1. no, unless it somehow gets your pulse
2. no
3. if the barb is in there, pull it out, if not, add some salt, and forget about the issue.

Your ray wont sting your aro for no reason, if it really does, then you should take out the aro, it just means your aro was picking on your ray. Your ray wont randomly sting you either, I've handled many rays and have only been tagged once by a SHED stinger, so the ray itself did not tag me, I was just an idiot. Let me know if you have any other questions, Id be glad to help.


----------



## Marowana (Jul 28, 2009)

thanks gshock, i'll sleep better tonight knowing that my aro wont get killed. 

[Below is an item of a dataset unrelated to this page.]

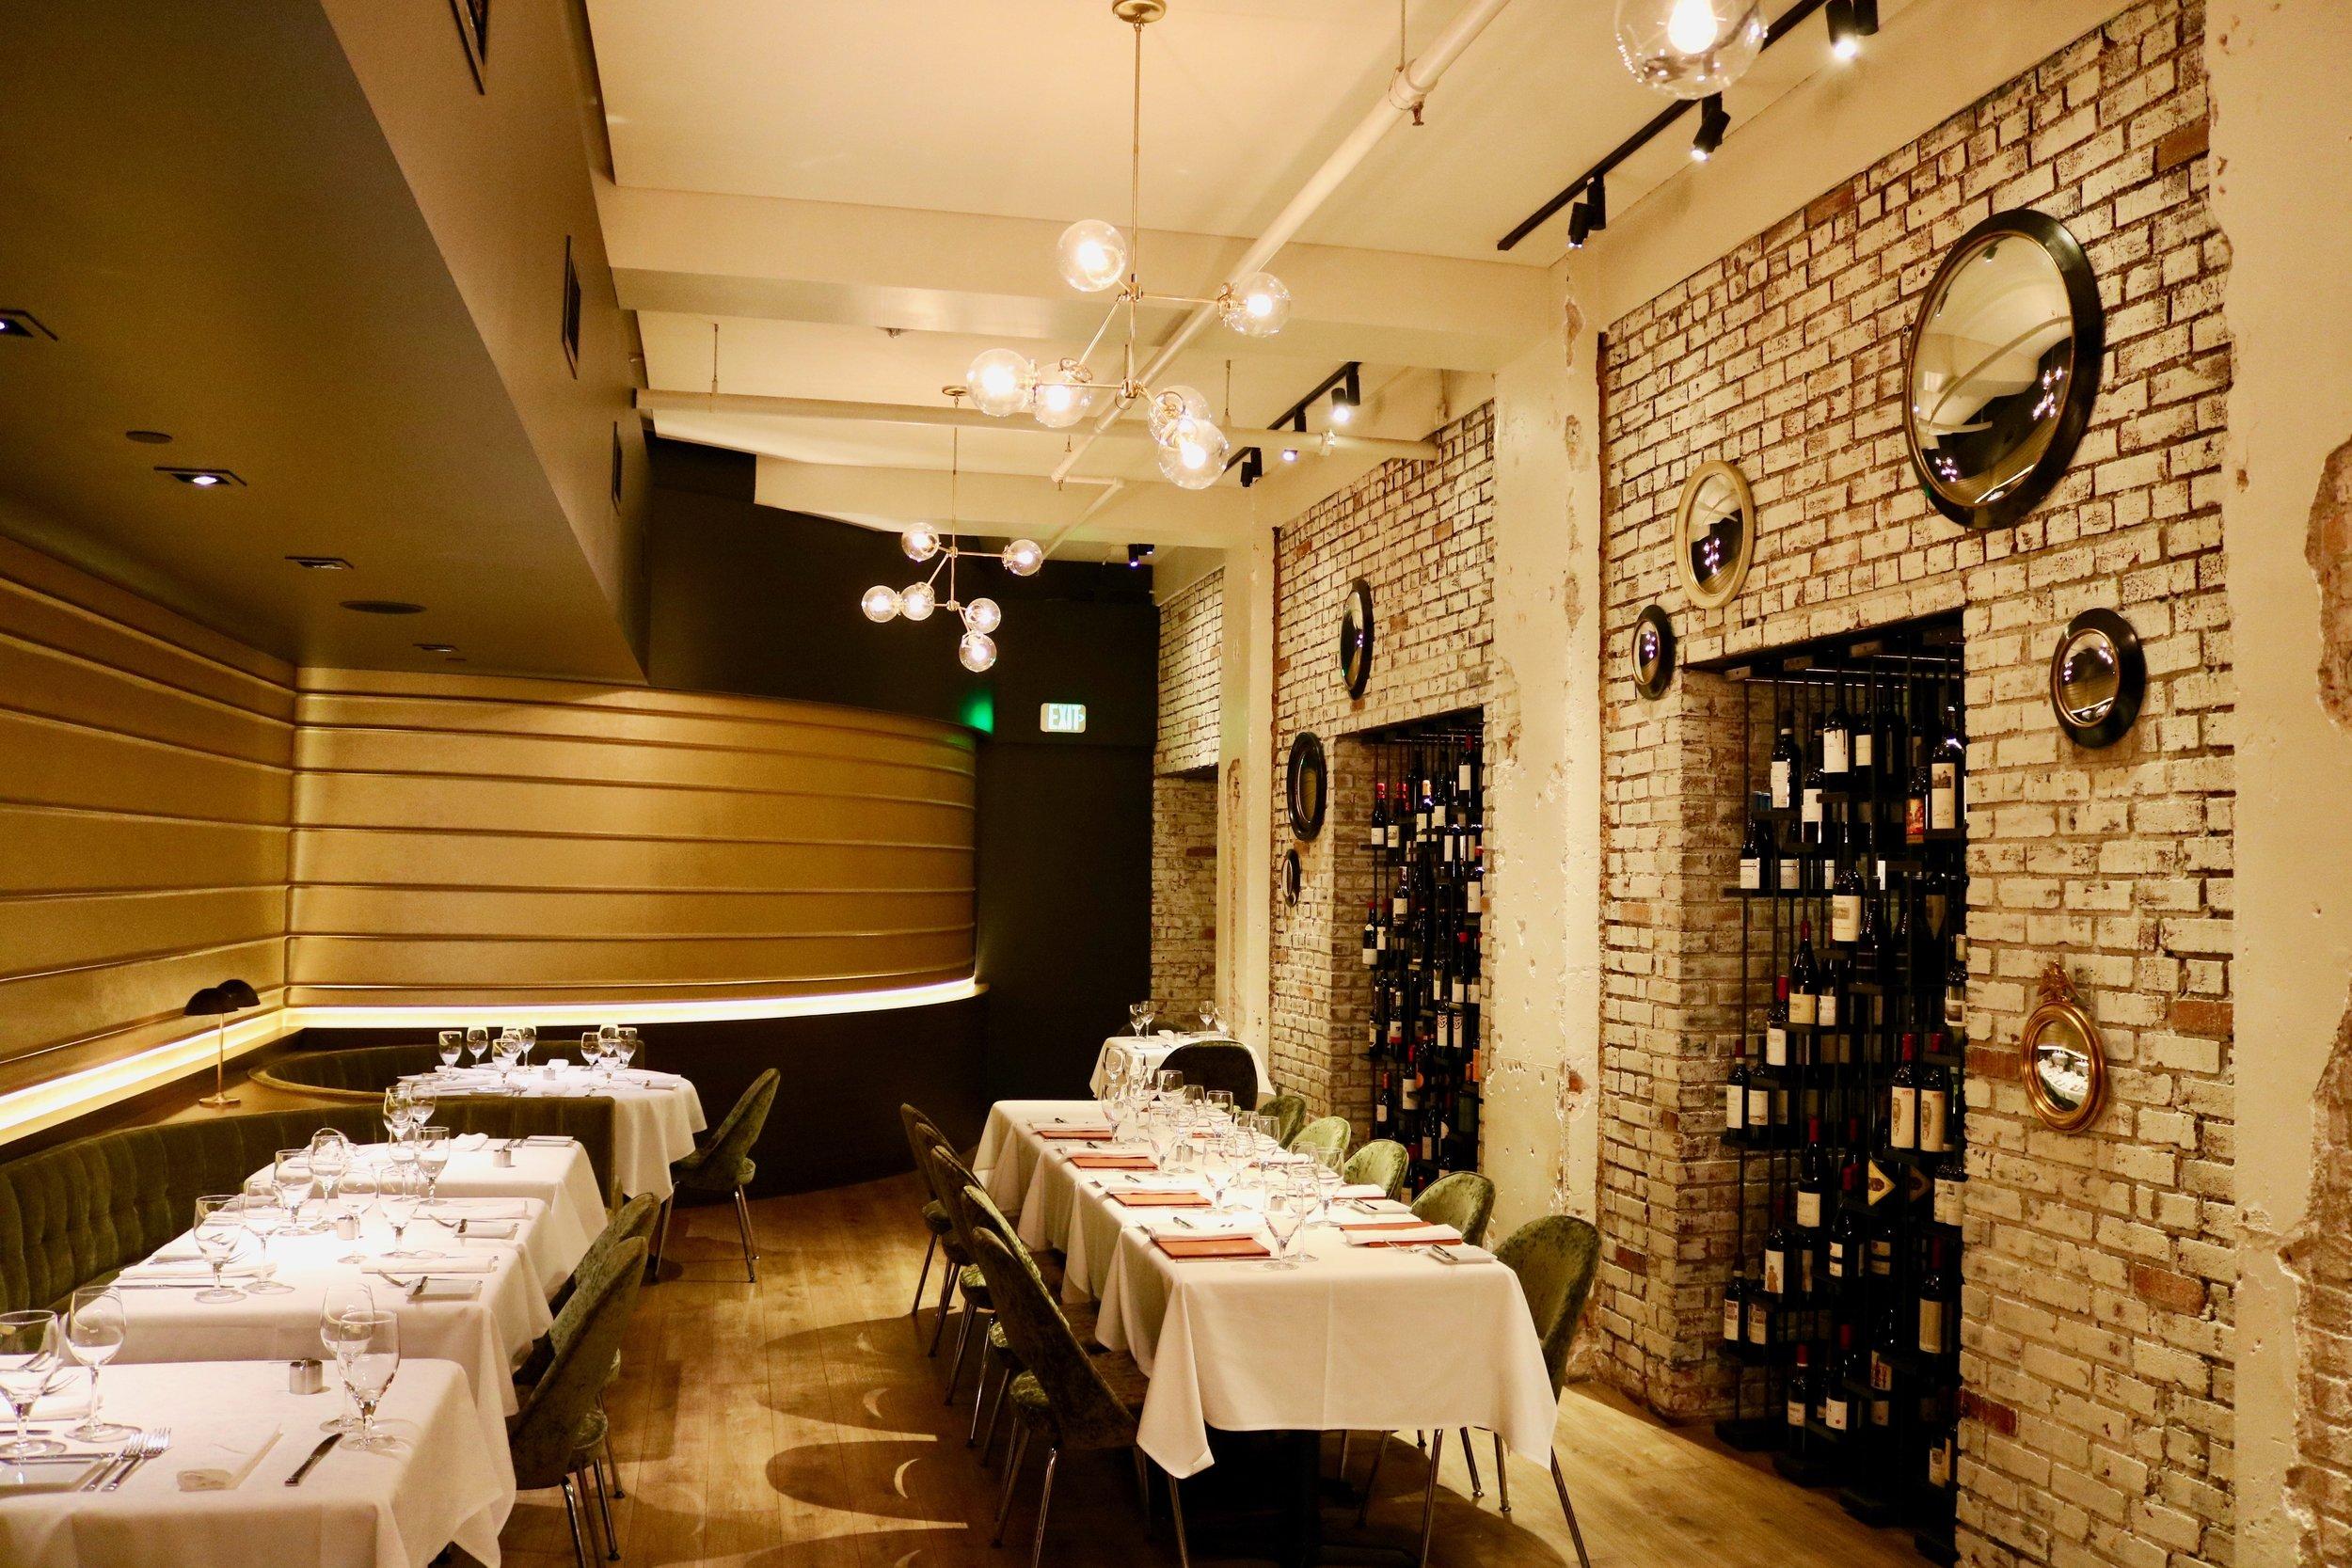 Rioja Interior Dining Room Photo by: DJB for TBOT
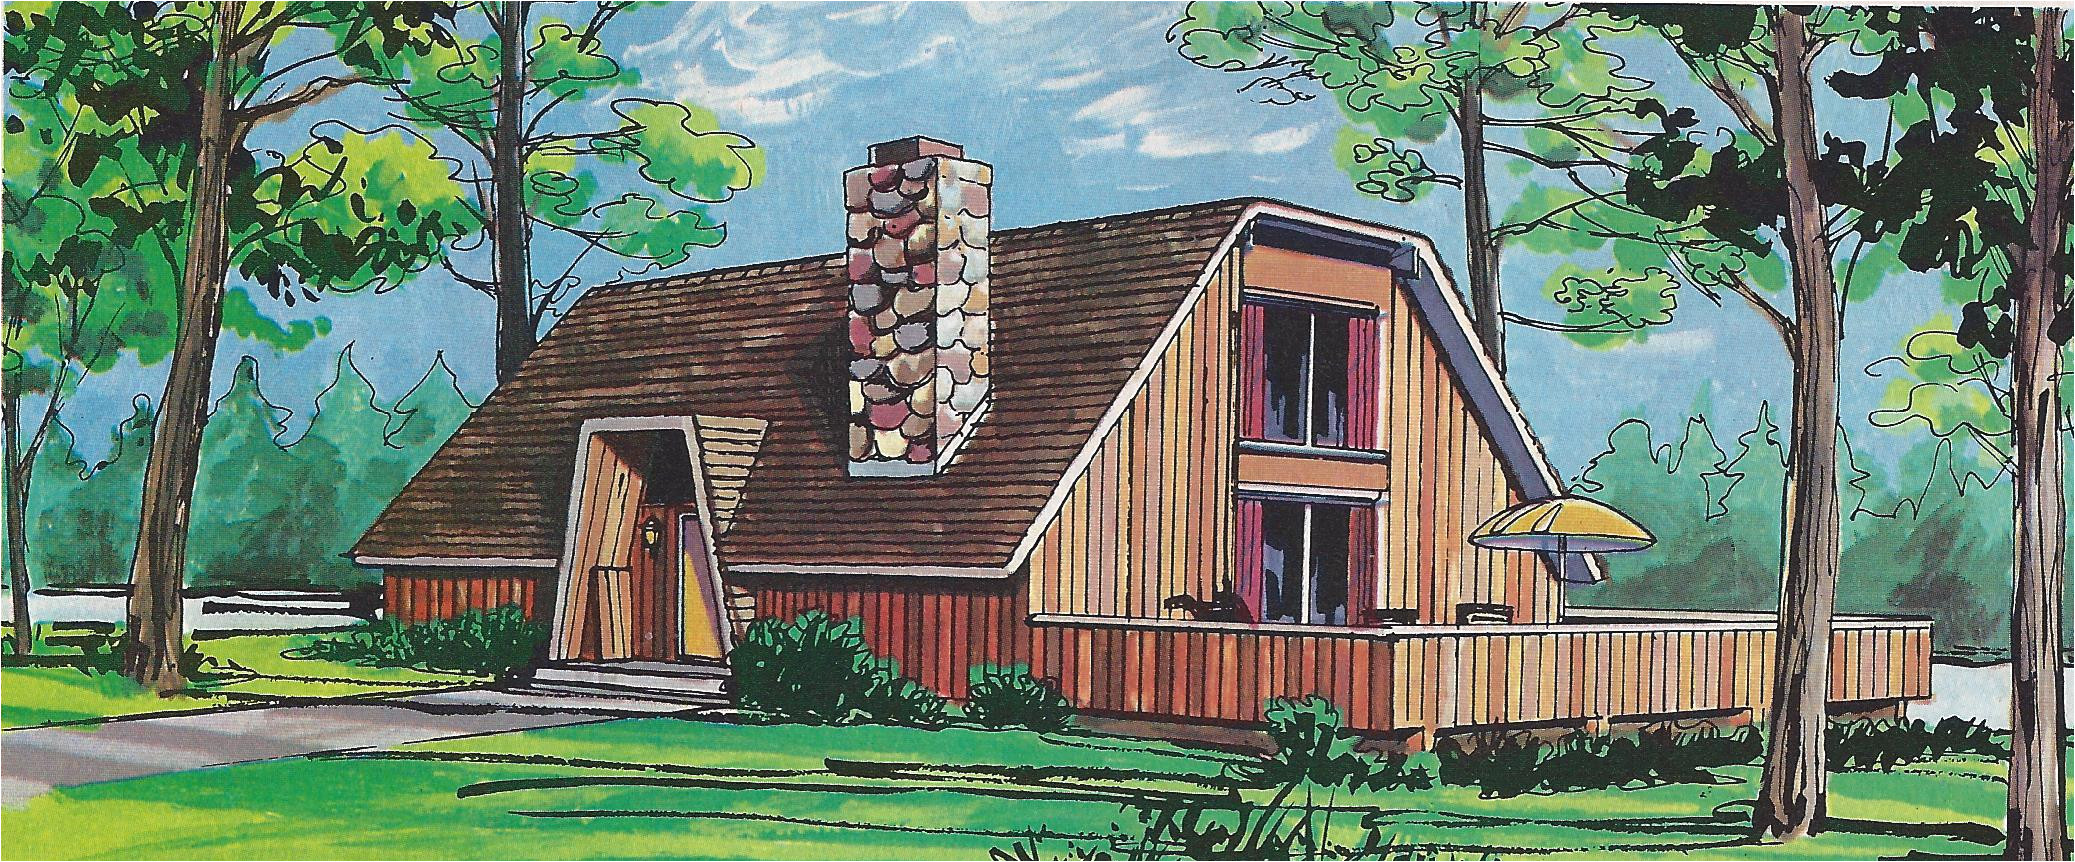 Better Home and Garden House Plans Better Homes and Gardens House Plans Better Homes and

i think it ate some market shrimp today and maybe a superworm. is superworm suitable for a small ray?


----------



## gucci17 (Oct 11, 2007)

Nice bro...you gonna take some pics?

I was supposed to pick up those dithers from you but buddy made me go with him for his tat.

I'll prolly come up with lil one this weekend so we'll to meet up.


----------



## Gshock (Aug 23, 2009)

Marowana said:


> thanks gshock, i'll sleep better tonight knowing that my aro wont get killed.
> 
> i think it ate some market shrimp today and maybe a superworm. is superworm suitable for a small ray?


No problem.

Optimal diet for now would bee to just pack some weight into them with chopped up earthworms. Dont worry about shrimp or anything else for a while. Forget the superworms as they do nothing for rays, they only benefit aros.


----------



## aeri (Sep 9, 2007)

keep this article handy (bottom) in case you get stung
http://www.potamotrygon.de/fremdes/stingray article.htm -- was taken from MFK sticky.

it'll hurt alot if you get stung, but won't kill you. rays normally don't sting things anyway...unless they get stepped on.

fyi, they'll shed their stingers once in a while. so don't worry when that happens.


----------



## Marowana (Jul 28, 2009)

aeri said:


> keep this article handy (bottom) in case you get stung
> http://www.potamotrygon.de/fremdes/stingray article.htm -- was taken from MFK sticky.
> 
> it'll hurt alot if you get stung, but won't kill you. rays normally don't sting things anyway...unless they get stepped on.
> ...


thanks for the info. but this is a little scary.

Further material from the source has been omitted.